Start by profiling your application with tools like plockstat, Java Flight Recorder, or Android Studio's Memory Profiler to identify memory bottlenecks. Once you've pinpointed the issue, apply targeted solutions such as thread-local allocation buffers, optimized data layouts, or NUMA-aware initialization.
Building high-performance apps requires a deep understanding of memory architecture and platform-specific constraints. At Dots Mobile, we incorporate memory profiling from the very beginning, using frameworks like Swift, Kotlin, and Python to develop applications that handle multithreaded workloads efficiently. Whether you're creating an AI-driven fitness app or a robust enterprise solution, collaborating with experts who understand these challenges ensures your app performs flawlessly on modern hardware.
To figure out if allocator lock contention is behind your slowdown, take a close look at how much contention occurs during memory allocation and deallocation. In multithreaded applications, heavy contention can drag down performance. Pay attention to how threads are competing for locks during these operations to identify the root of the problem.
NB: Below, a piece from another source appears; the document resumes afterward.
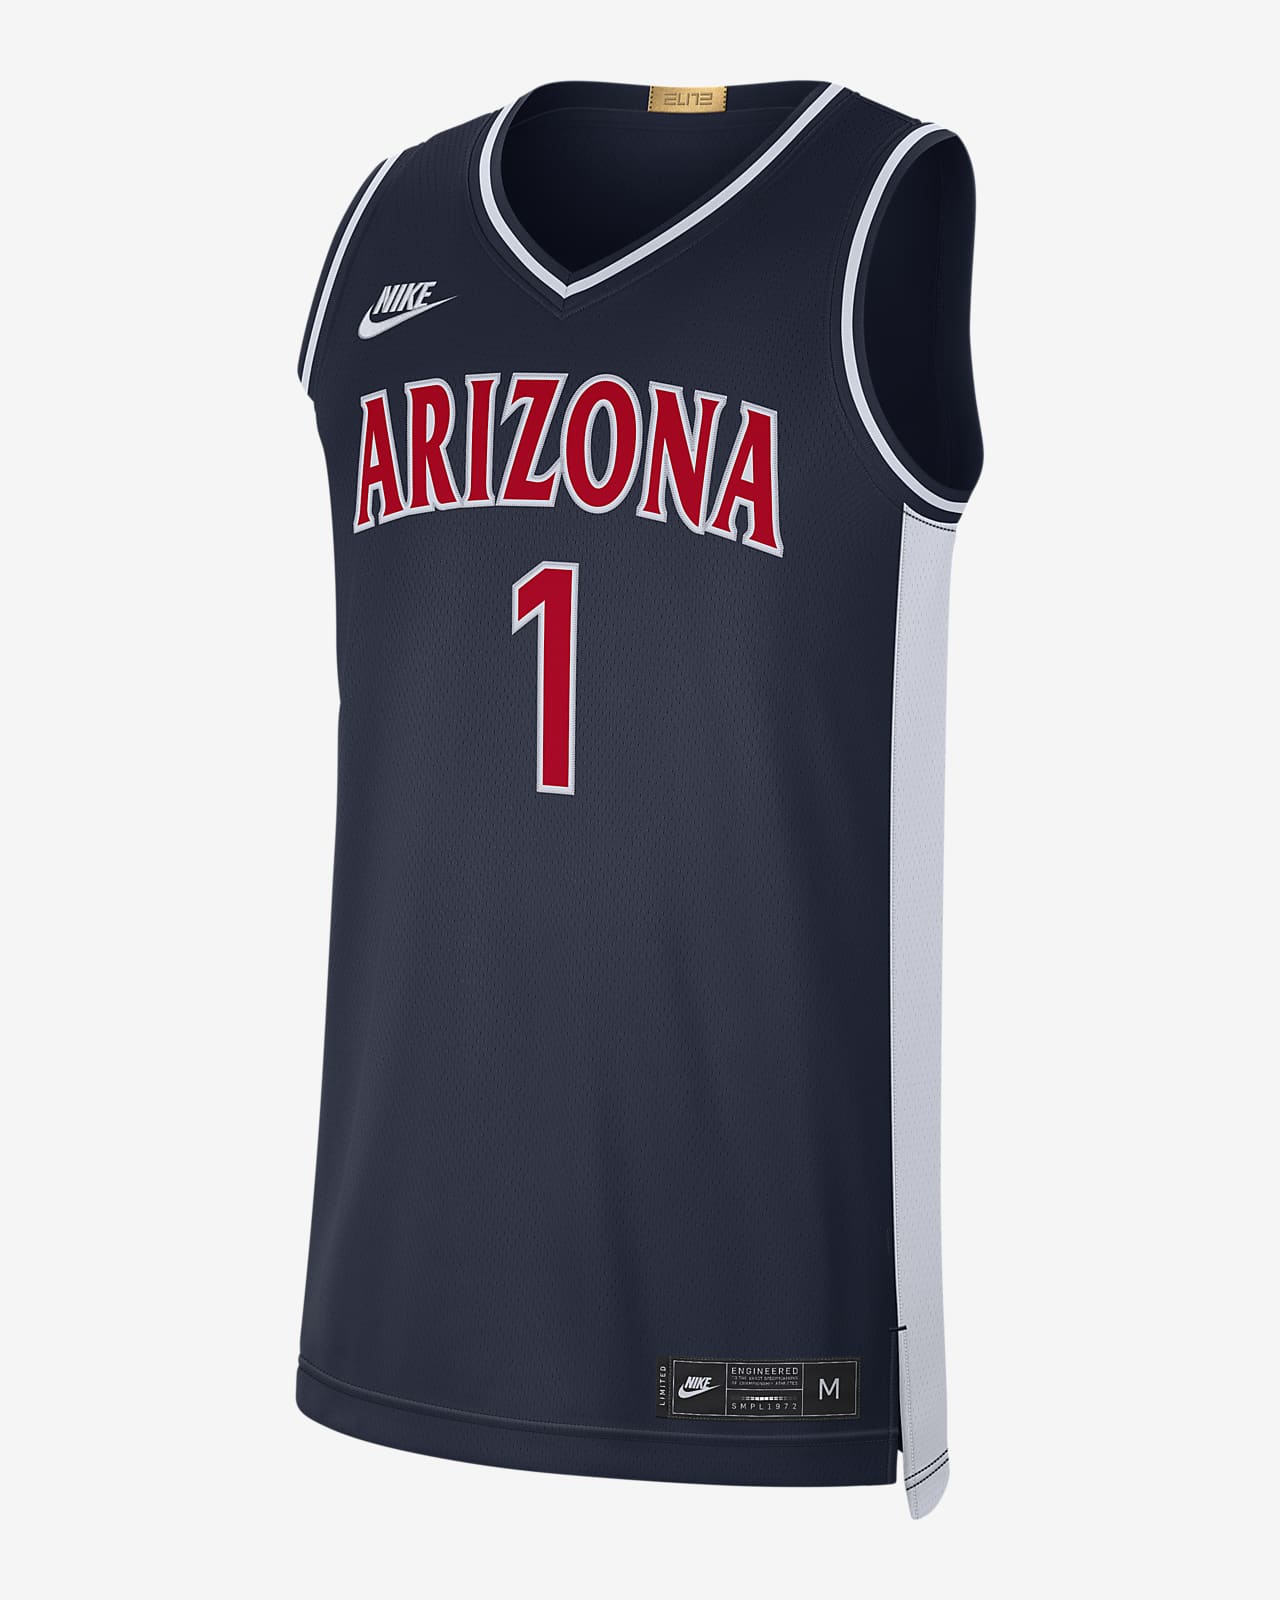 Jersey de básquetbol universitaria retro Nike Dri-FIT para hombre Arizona Limited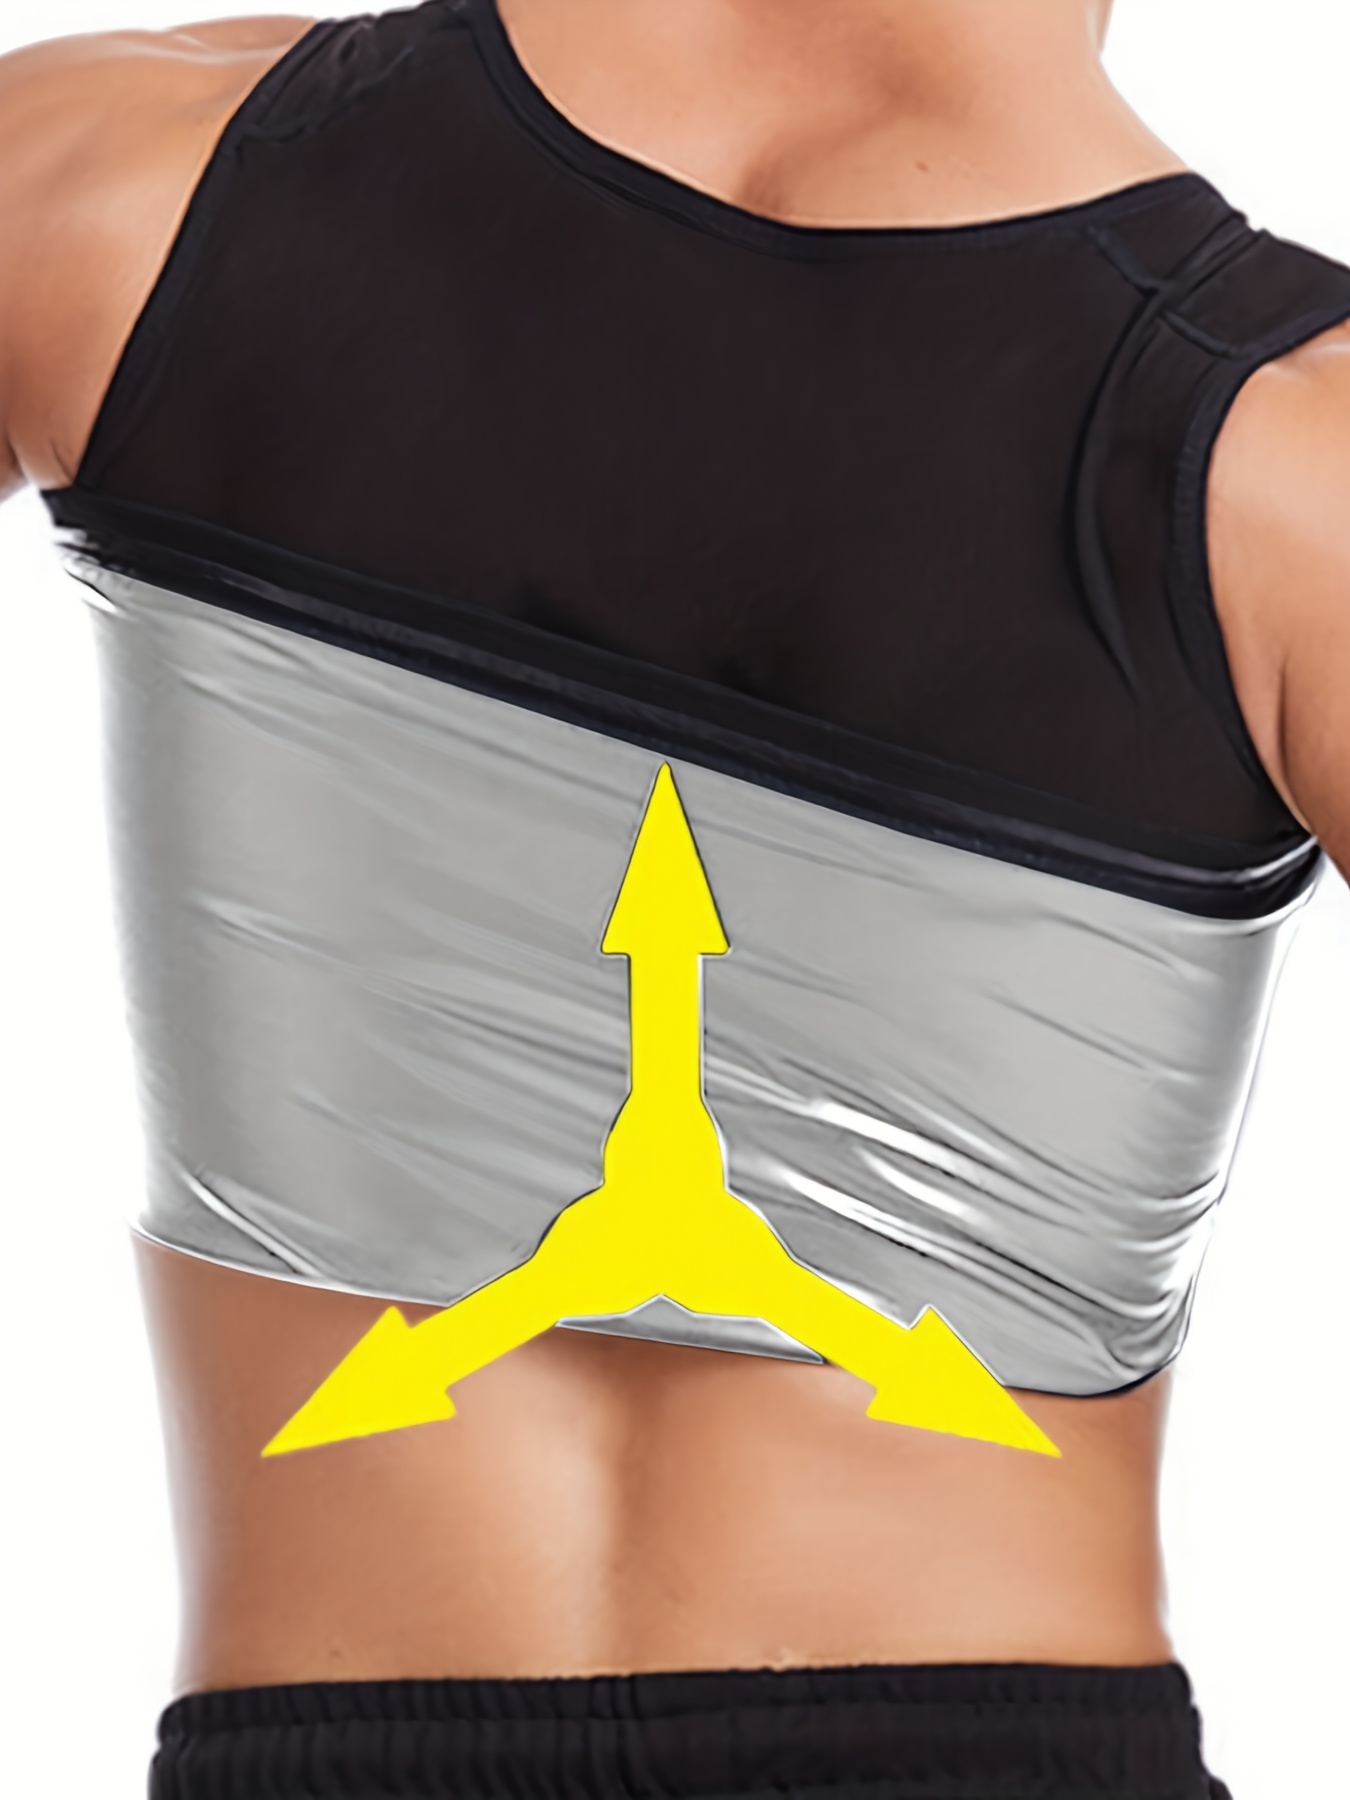 Polyester Spandex Men''s Sweat Vest Body Shaper Slimming Tank Top

To spot false sharing, you can use tools designed to detect cache line conflicts or analyze cache misses with profiling tools. Addressing the issue involves aligning data to cache line boundaries or inserting padding to ensure threads don't share the same cache line. These adjustments can resolve performance problems linked to false sharing in multithreaded applications.
To cut down on frequent allocations and deallocations of short-lived objects, memory pooling can be a game-changer. By reusing objects instead of constantly creating and destroying them, you reduce the strain on the garbage collector and lower the risk of memory fragmentation. This approach shines in high-performance situations where temporary objects are created in large numbers.
On the other hand, switching allocators is a more tailored solution for managing memory. It allows you to fine-tune allocation strategies to match specific workloads. This can be particularly useful when dealing with large or unpredictable memory patterns, helping to optimize performance and reduce fragmentation at a deeper level.